Peel, trim and finely grate fresh carrots. I use my food processor to finely chop the carrots. You should have about 3 cups of finely chopped or shredded carrots.
Preheat oven to 350°F (170°C). Line a regular muffin pan with paper cupcake liners.
In a medium-size bowl, stir together flours, baking soda, baking powder, salt, cinnamon, cloves and nutmeg and set aside.
Beat together oil, brown sugar and granulated sugar. Add eggs and beat until well-incorporated. With the mixer on low speed, beat in flour mixture just until blended. Stir in carrots (and nuts and raisins if you wish).
Fill cupcake liners ¾ with batter. Bake at 350°F (170°C) for 20-25 minutes, until cupcakes are lightly browned and a wooden toothpick inserted in center of a cupcake comes out clean. Cool in pans on wire rack for 10 minutes.
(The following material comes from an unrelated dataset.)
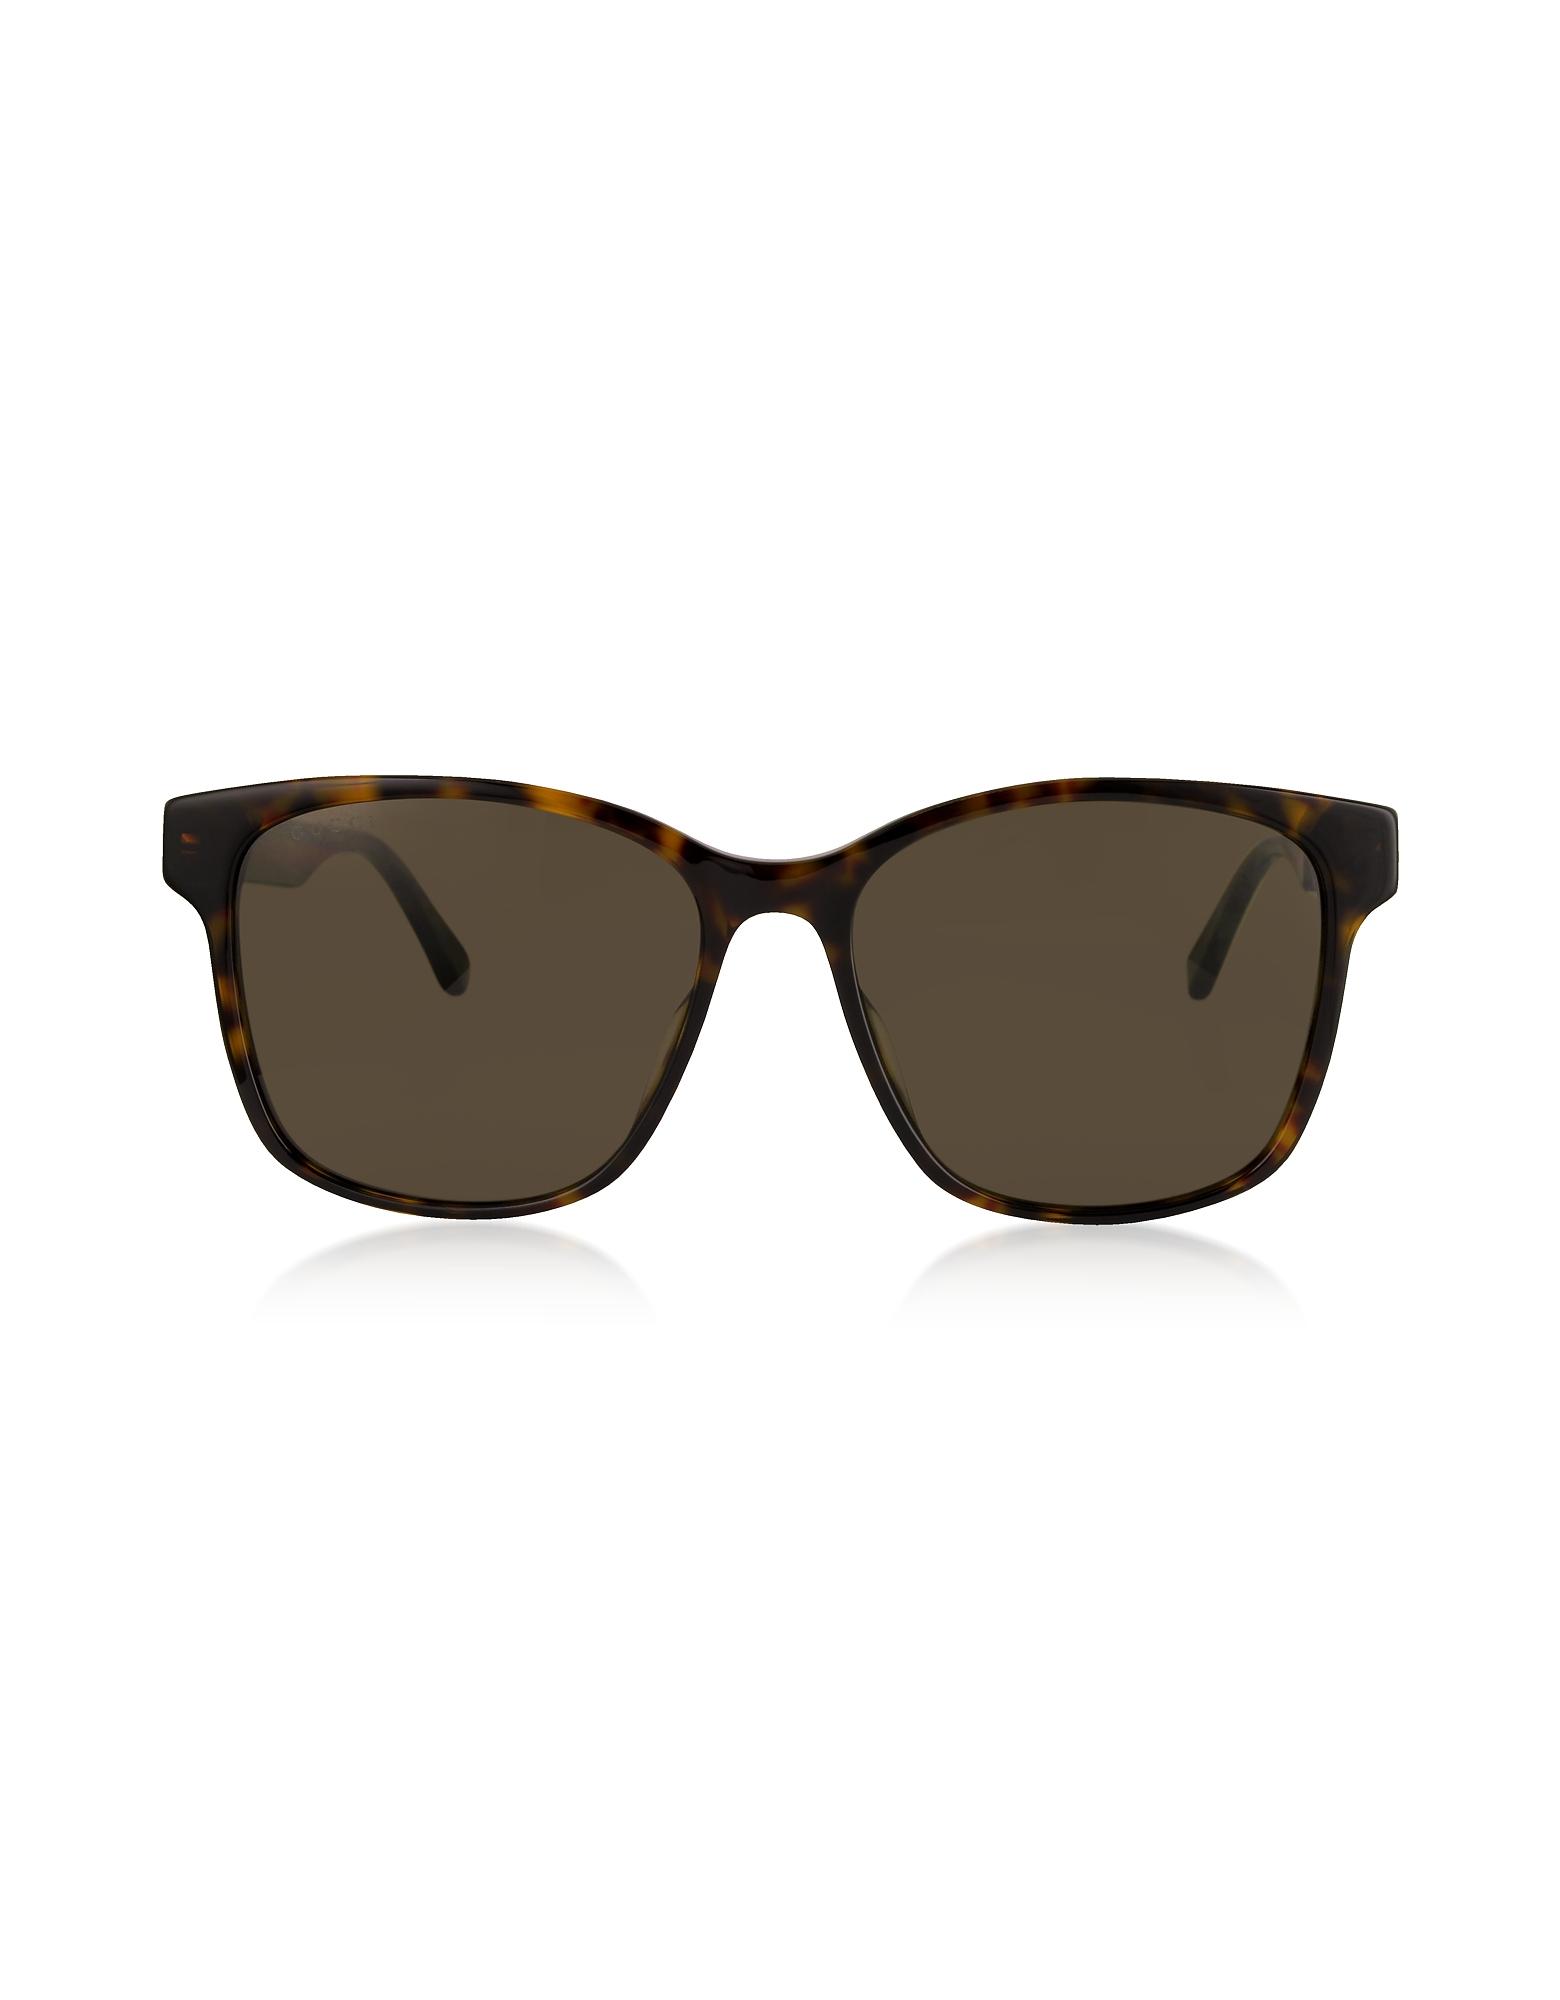 Gucci Sunglasses, Rectangular-frame Tortoise Acetate Sunglasses w/Web Temples
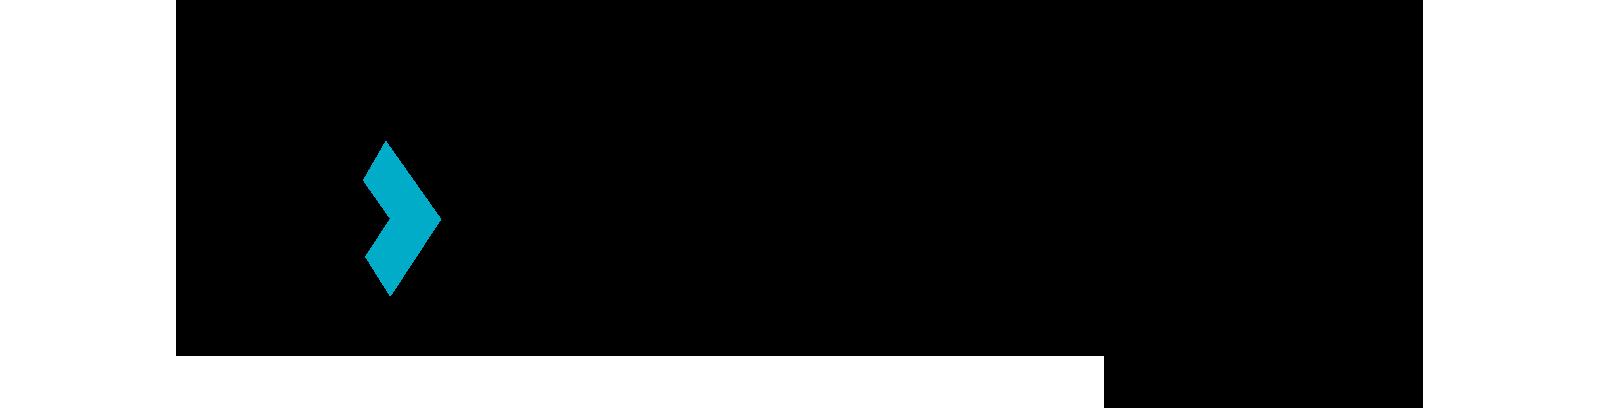 Kubity logo

Remove from cupcakes from the pans and allow to cool completely on a wire rack.
For the Cream Cheese Frosting, beat the butter in the bowl of a stand mixer on high speed until light and fluffy. Add the powdered sugar, one third at a time, and beat on high speed for several minutes until mixture is light and creamy. Scrape the bowl and repeat the process until all of the powdered sugar is well incorporated. Beat in vanilla. You should now have a very stiff buttercream. Add the cream cheese and beat on high for a couple of seconds to incorporate. Scrape bowl and beat on high again for a couple of seconds.
The frosting can now be spread on the cupcakes or chilled until it is firm enough to pipe. This amount is enough to generously frost 24-30 cupcakes.
Chill frosted cupcakes.
Notes
*Oil may be reduced to 1 cup plus one tablespoon (260 ml), brown sugar to one cup minus one tablespoon (200 g) and granulated sugar to ⅔ cup (130 g) with no detectable change in taste or texture.Cupcake recipe adapted from The Family Circle Cookbook. Cream Cheese Frosting recipe adapted from Eat and Feast,Sugar-Sweet and Herznah.